1346の中身を見るときに大事なのは、「日経225に連動するETFだから分散されていて無難」と雑に理解しないことだ。実際には、値がさ株の影響が大きい価格平均指数に連動するため、上位銘柄と業種の偏りにはかなり特徴が出る。この記事では、1346が何を持ち、どう読むべきかを整理する。
1346の中身は「日本株に広く薄く」ではなく、「日経平均のルールに沿って、電気機器と値がさ株の影響を強く受ける日本株ETF」である。上位10銘柄で約45.4%を占めるため、見た目以上に集中度はある。
データの取得日と一次情報の確認場所
本記事のデータは2026年2月時点。組入上位銘柄と業種比率は三菱UFJアセットマネジメントの月次レポート、商品の基本情報は運用会社の商品ページ、上場ETFとしての概要は東証の銘柄詳細、指数ルールは日経平均の算出要領・構成銘柄選定基準で確認できる。この記事の役割は、その断面データをどう読むかを整理することであって、毎日数字を追いかけることではない。

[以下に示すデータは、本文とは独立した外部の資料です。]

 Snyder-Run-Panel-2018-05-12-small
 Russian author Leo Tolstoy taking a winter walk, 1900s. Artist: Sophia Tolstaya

確認の順番も決めておくと迷わない。まず運用会社の商品ページでファンド概要と月次レポートへの導線を見る。次に東証のETF銘柄詳細ページで売買単位、分配頻度、NISA対象などの上場商品としての基本条件を見る。最後に日経平均の算出要領と構成銘柄選定基準で、なぜこういう顔ぶれになるのかを確認する。この順番なら、「何を持っているか」と「なぜそうなるか」がつながる。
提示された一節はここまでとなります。